A list of Partners may be inspected on our website

 

 

 

 

Universe Pharmaceuticals INC

17 November 2020

 

2Assumptions

 

In giving this opinion we have relied upon the assumptions set forth in Schedule 2 without having carried out any independent investigation or verification in respect of those assumptions.

 

3Opinions

 

On the basis of the examinations and assumptions referred to above and subject to the qualifications set forth in Schedule 3 and the limitations set forth below, we are of the opinion that:

 

Corporate status

 

(a)The Company has been duly incorporated as an exempted company and is validly existing and in good standing with the Registrar of Companies of the Cayman Islands (the Registrar).

 

Issue of Shares

 

(b)The issue and allotment of the Shares has been authorised by all requisite corporate action of the Company and when allotted, issued and paid for as contemplated in the Registration Statement, the Shares will be validly issued and allotted, fully paid and non-assessable.
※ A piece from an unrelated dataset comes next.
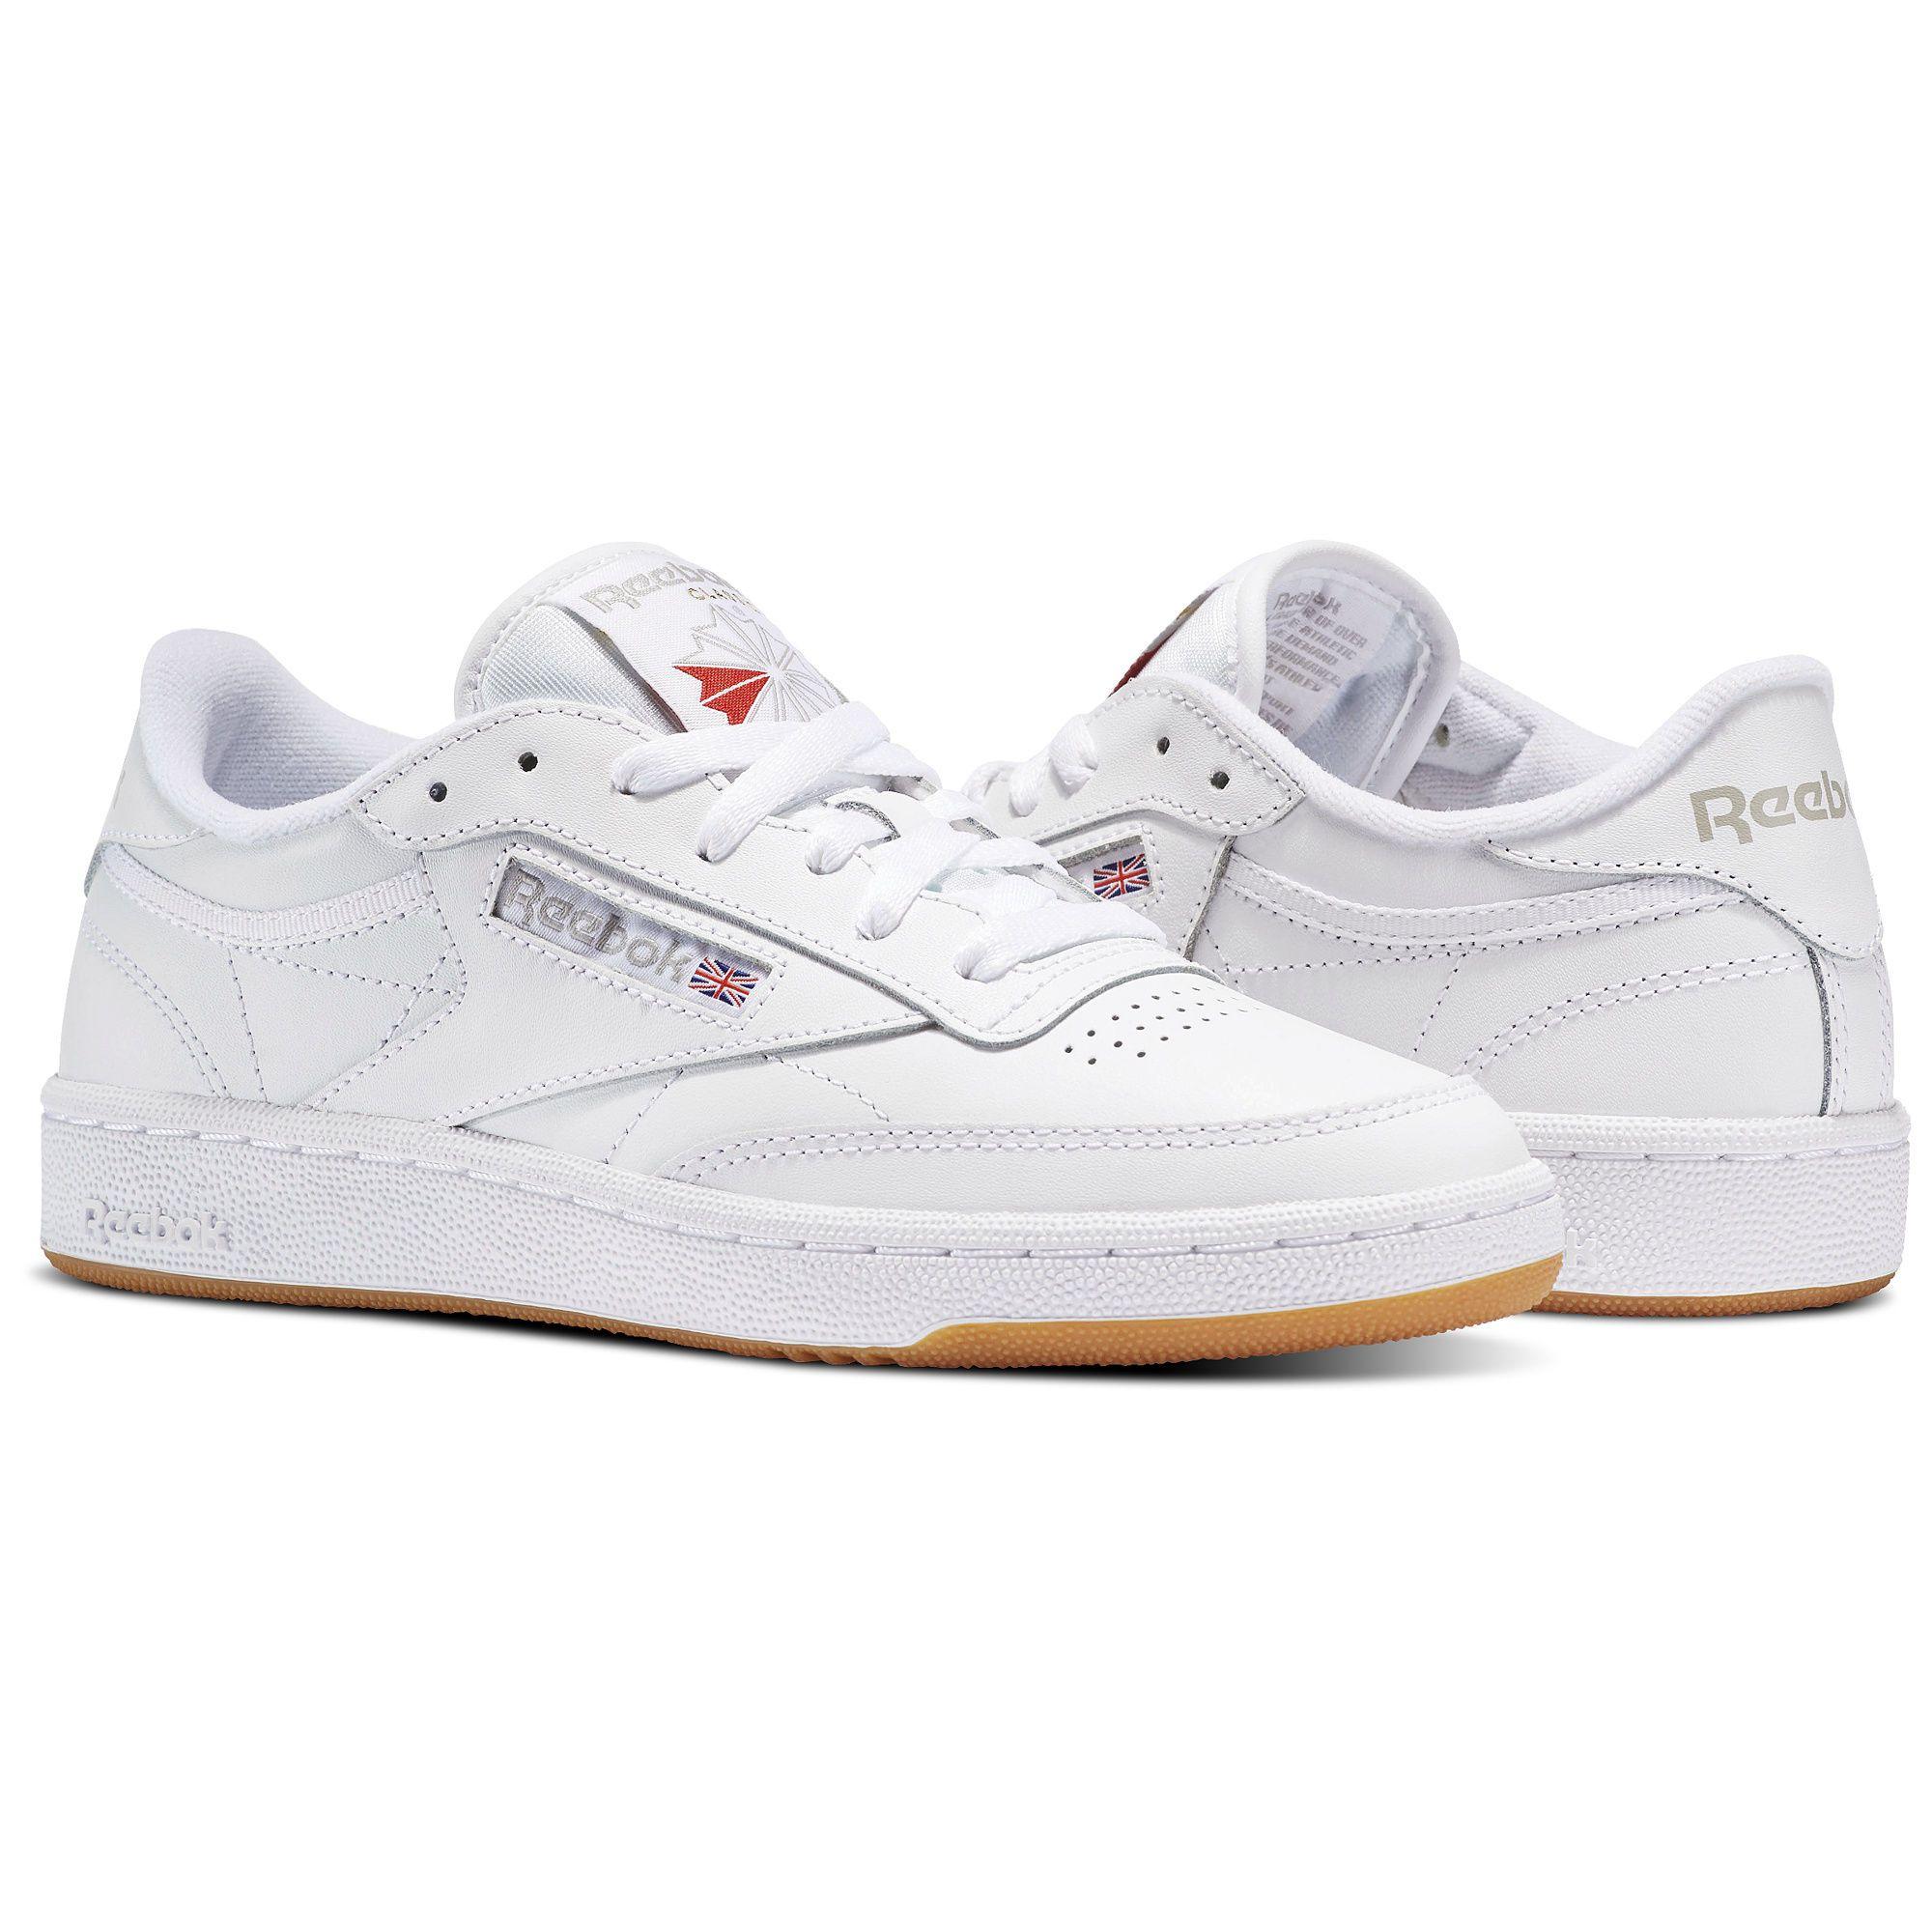 Reebok Shoes Women's Club C 85 in WhiteLight GreyGum Size

As a matter of Cayman Islands law, the Shares are only issued when they have been entered into the register of members of the Company.

 

Shares underlying the Underwriter Warrants

 

(c)The ordinary shares issuable upon exercise of the Underwriter Warrants will, when issued and paid for as contemplated in the Registration Statement, be validly issued as fully paid and non-assessable. As a matter of Cayman Islands law, such ordinary shares are only issued when they have been entered into the register of members of the Company.

 

Registration Statement – “Cayman Islands Taxation”

 

(d)Insofar as the statements set forth in the Registration Statement under the caption “Cayman Islands Taxation” purport to summarise certain tax laws of the Cayman Islands, such statements are accurate in all material respects and such statements constitute our opinion.

 

4Matters not covered

 

We offer no opinion as to any laws other than the laws of the Cayman Islands, and we have not, for the purposes of this opinion, made any investigation of the laws of any other jurisdiction, and we express no opinion as to the meaning, validity, or effect of references in the memorandum and articles of association of the Company to statutes, rules, regulations, codes or judicial authority of any jurisdiction other than the Cayman Islands.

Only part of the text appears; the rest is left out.